21/05/2026
In Good Company opened on the 8th of May, and somewhere within me, something exhaled. There are spaces in this world that do more than hold people. They hold becoming. Exhibitions have always felt that way to me. A temporary sanctuary where art and humanity stand beside each other long enough to remind us we are not alone.
At first, the anxiety arrived as it always does, circling the edges of my chest, questioning whether I belonged there at all. Yet slowly, through conversation, through colour, that heaviness softened. Community has a way of returning us to ourselves. Art has a way of reminding us that survival can become expression.
I think there is something deeply healing about realising you are allowed to take up space. That the things you created in moments of loneliness and or wonder can resonate beyond your own hands. So much of what I make comes from a fear of disappearing, of drifting unseen through life. To witness fragments of myself reflected back through other peopleās eyes felt sacred. Proof that what saves us privately can sometimes touch others publicly.

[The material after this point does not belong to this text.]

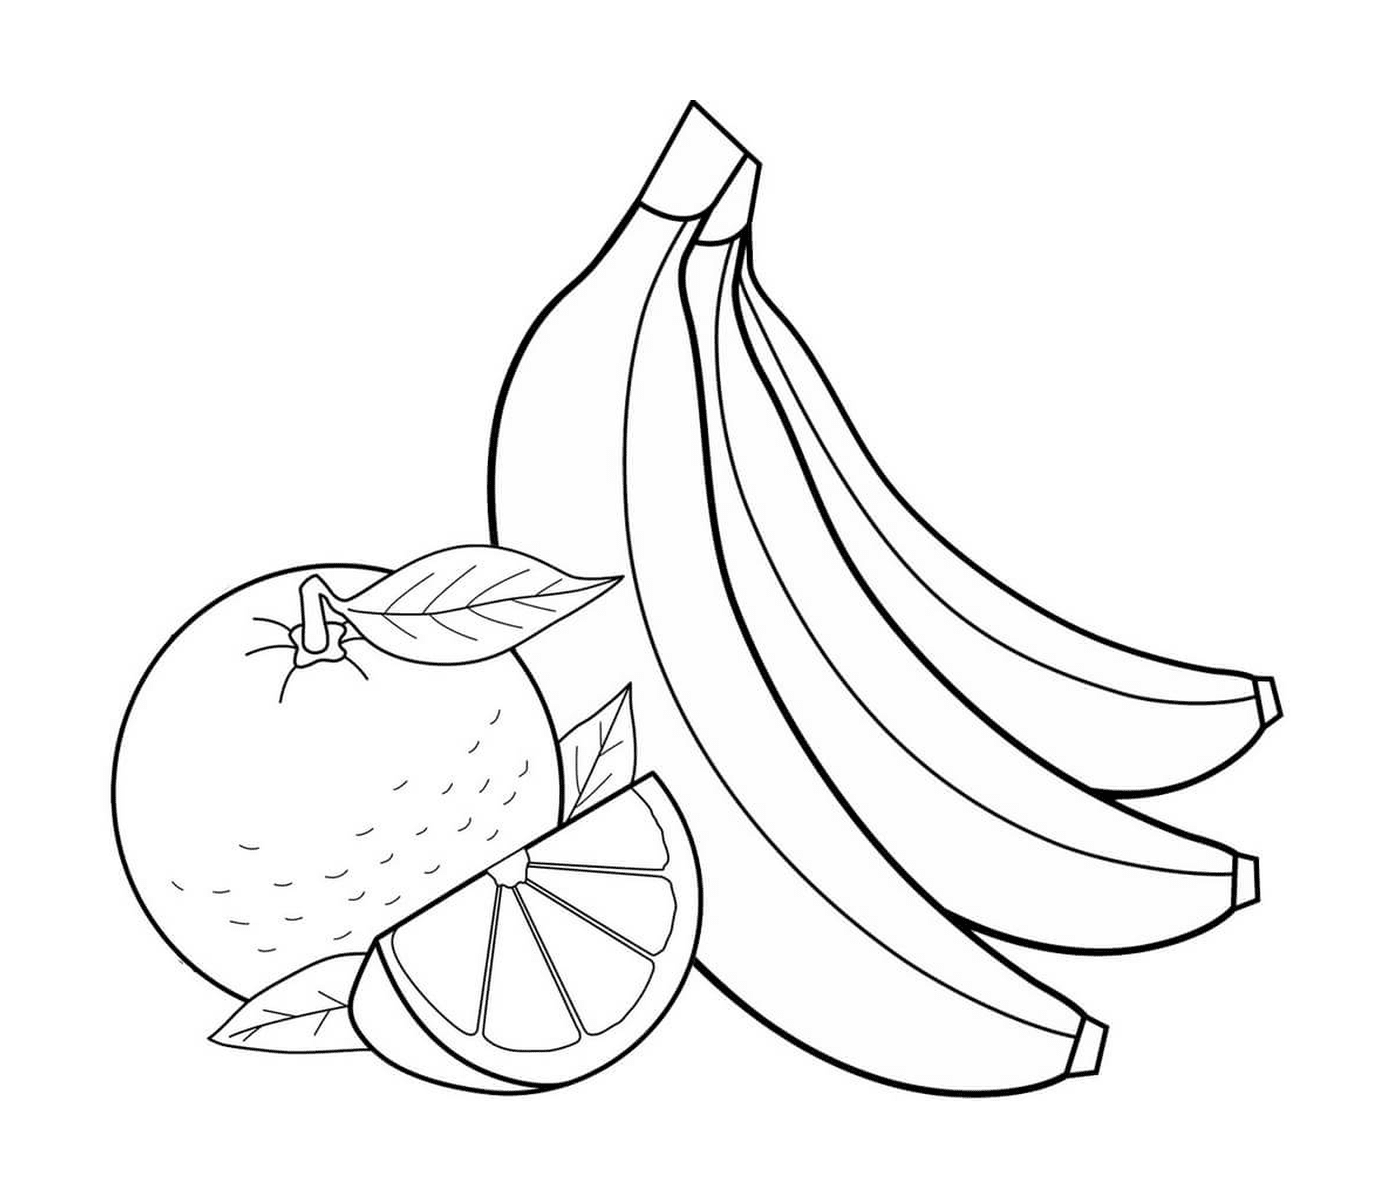  Apple, orange and banana

Exhibiting alongside artists I consider powerhouses in their own beautifully unique ways healed parts of me I did not realise were still carrying wounds. Gratitude hardly feels large enough for that feeling. To stand among people whose work carries such honesty, depth, and presence reminded me that art is never simply decoration. It is evidence of existence. It is memory given form. It is vulnerability refusing silence. It is connection in a world that so often teaches isolation.
It has never been just art on walls to me. It is people leaving pieces of their spirit behind so others may feel less alone.
In Good Company has one more week at the Peoples Gallery, open from 10am to 3pm. I hope people wander in and allow themselves to find their own connection with the work, because sometimes healing arrives quietly through the simple act of witnessing another human being honestly.